The nature of tabletop role-playing games has always been collaborative. Dungeons & Dragons is a machine that makes more D&D. By its very nature, game masters are expected to share the content they produce with their players.

This naturally extended to fanzines, personified by Alarums & Excursions. Fanzine distribution was initially limited, but that changed once the Internet arrived, effectively unbalancing the stranglehold then-publisher of D&D TSR had over the game's future. What was once a vehicle for D&D's popularity became an existential threat to its brand.

That tension, between fandom and capitalism, continues to this day, as Wizard of the Coast's attempts to delegitimize the Open Game License recently demonstrated.

A Middle Path​

Early role-playing game innovations were often launched by creators frustrated with perceived flaws in D&D. Over time, these games would go on to become competitors to D&D itself, Tunnels & Trolls being a prime example.
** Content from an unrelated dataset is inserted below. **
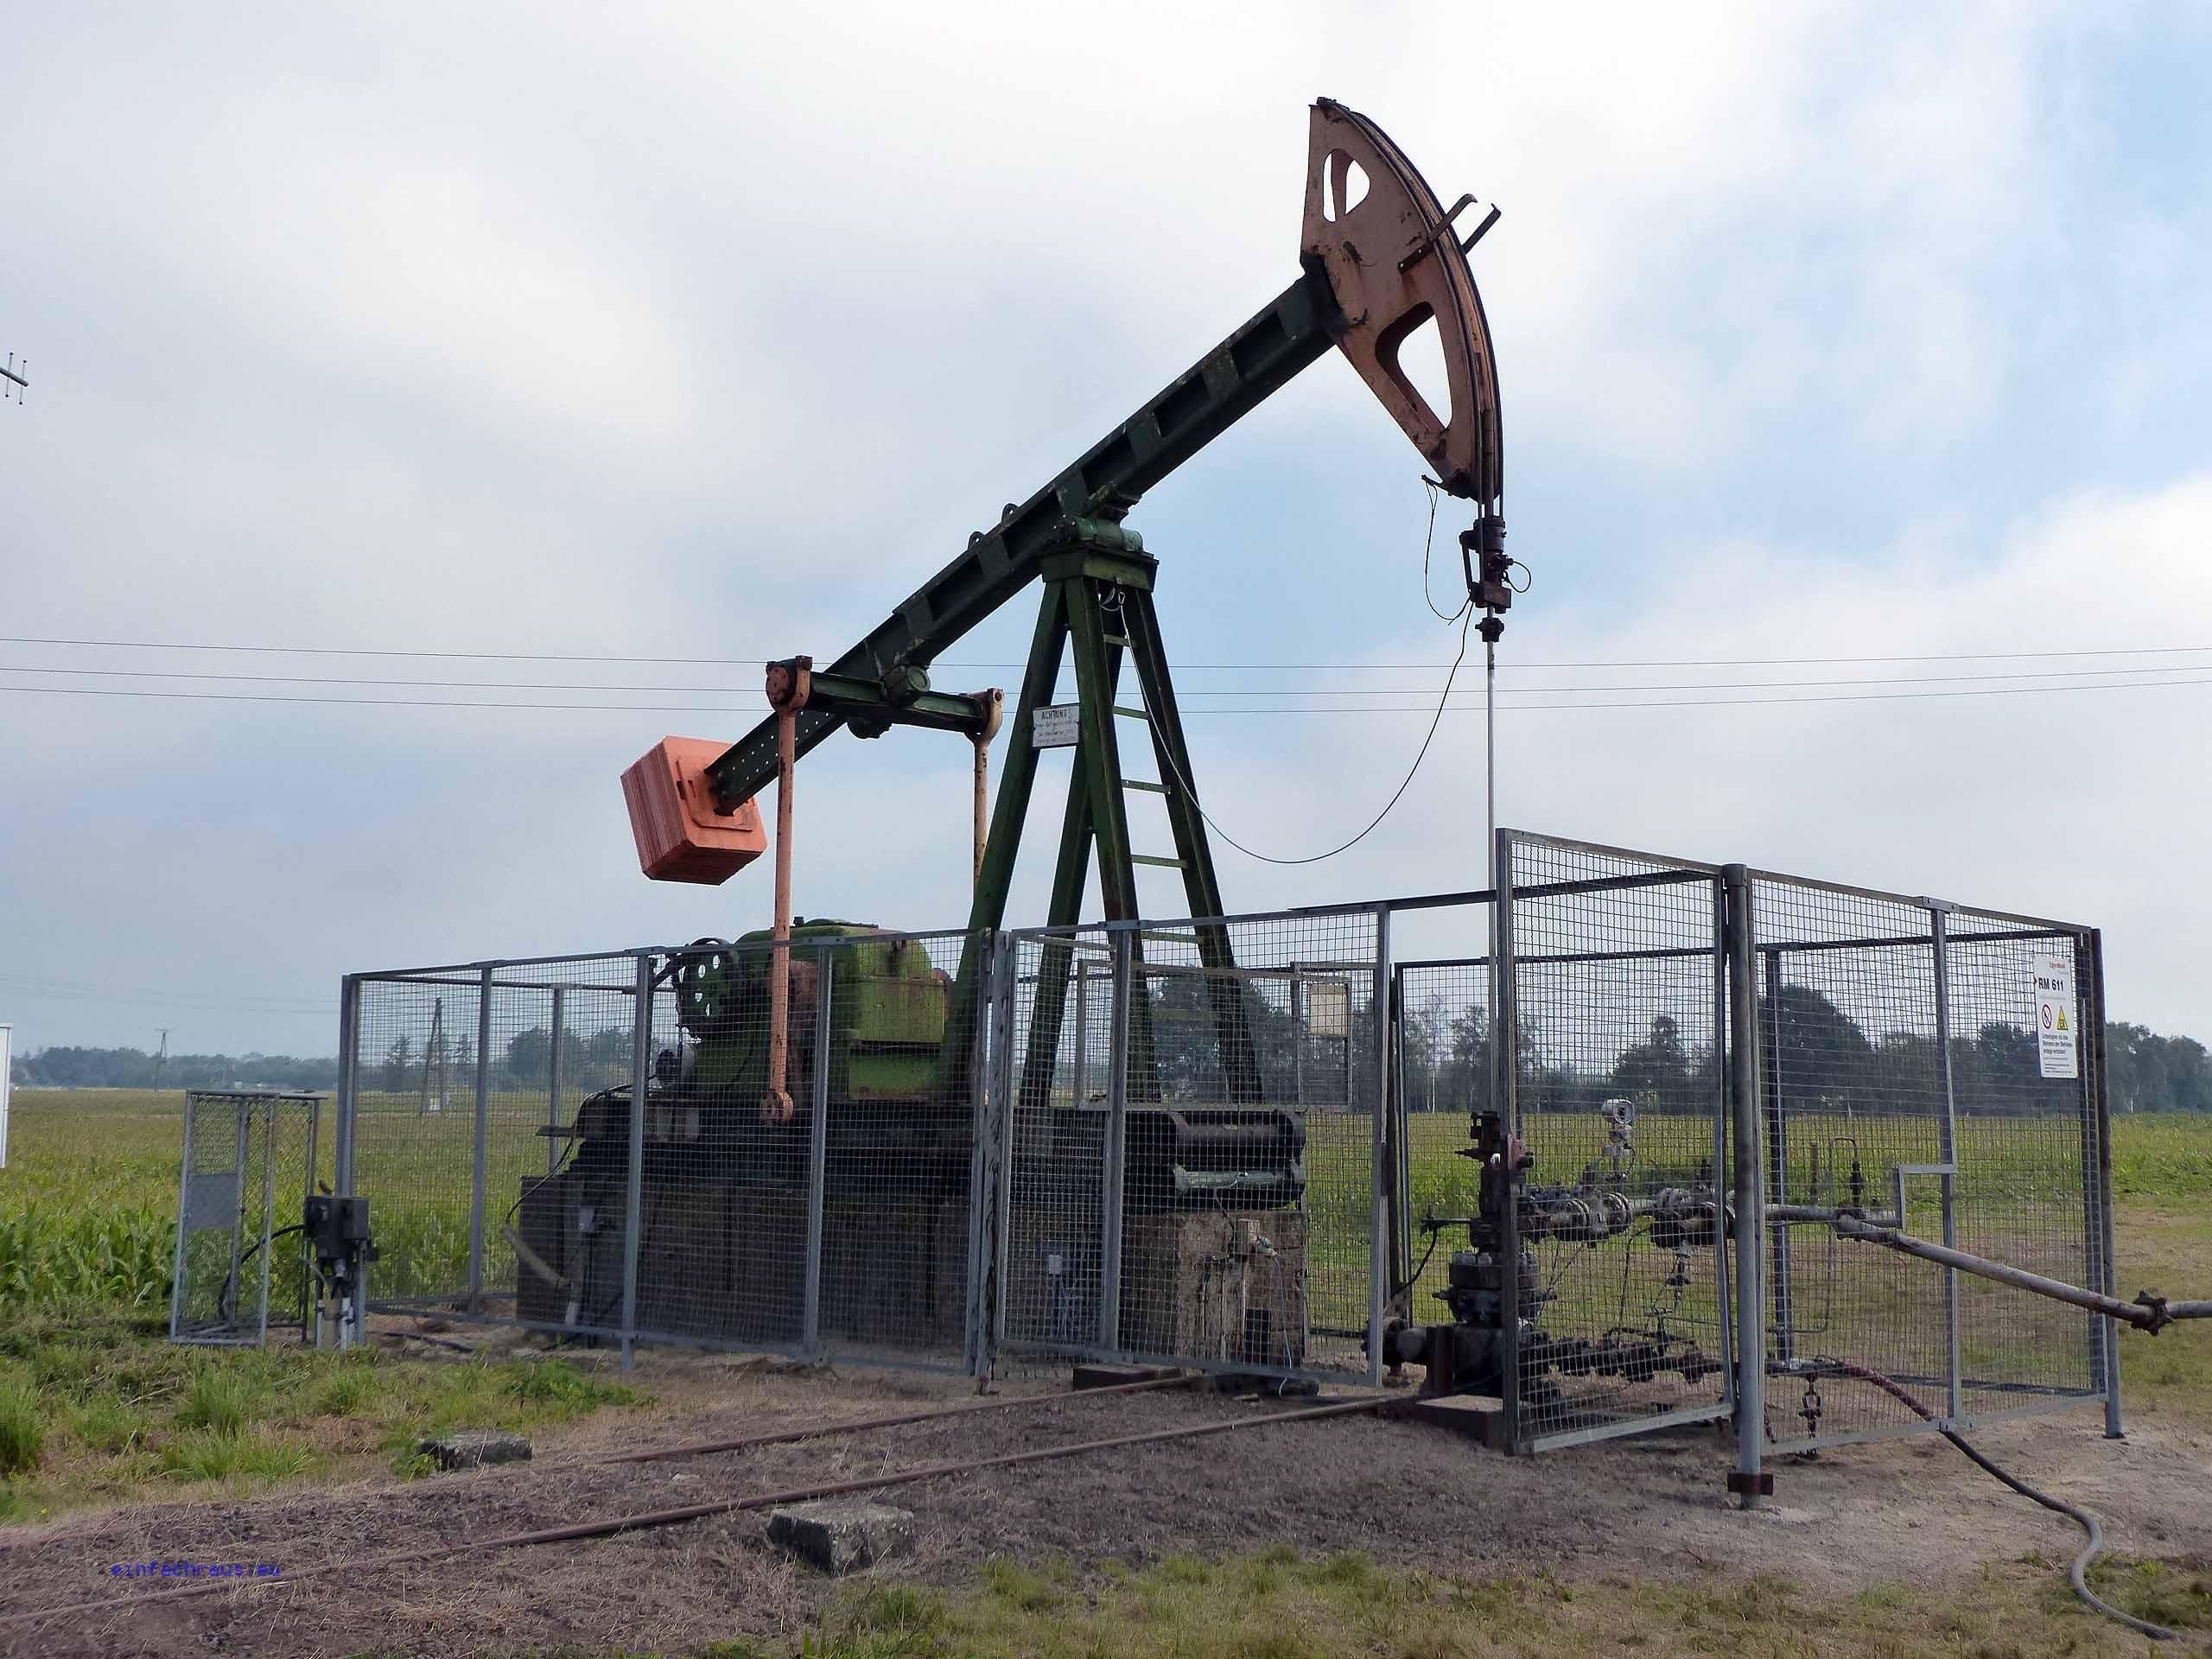 Ölförderungsanlage im Emsland, Foto: D.Weirauch

After TSR's numerous attempts to control its fandom through threats of lawsuits, it was acquired by Wizards of the Coast, who altered course. Gone were the hostile overtures towards fans, replaced by a new model in which fans could potentially make money by leveraging the core rulebooks without competing with them. The Open Game License unleashed all that fan creativity with the opportunity to make a profit. The Dungeon Masters Guild created an even closer relationship between iconic D&D settings and fans looking to share their work.

Of course, fandom has never been constrained by rules, and gaps in Internet support created an opportunity for content to flourish on sites like the D&D Wiki:
In 2015, the WotC message boards, the hotbed of creativity which spawned this very wiki, were shut down by WotC. This action occurred because it became apparent that other communities on the internet had exceeded their capacity to discuss the subject of Dungeons and Dragons effectively, and that maintaining what amounted to a link-hub to other websites was not cost-effective. It is entirely possible that D&D Wiki, along with other communities like it, may have contributed to this unfortunate event. This was followed a few months later by the opening of the Dungeon Master's Guild.
The D&D Wiki's influence cannot be underestimated:
D&D Wiki, as the largest and most active of this type of website, remains the top search result when seeking D&D homebrew on the internet, even on multiple search engines, and even outcompeting the official WotC Dungeon Master's Guild, which offers its users the opportunity to make a profit off of their work!
Similarly, Open Game License sites that publish OGL-only content are treasure troves of free RPG material, the basis of which helped launch Pathfinder and the OSR.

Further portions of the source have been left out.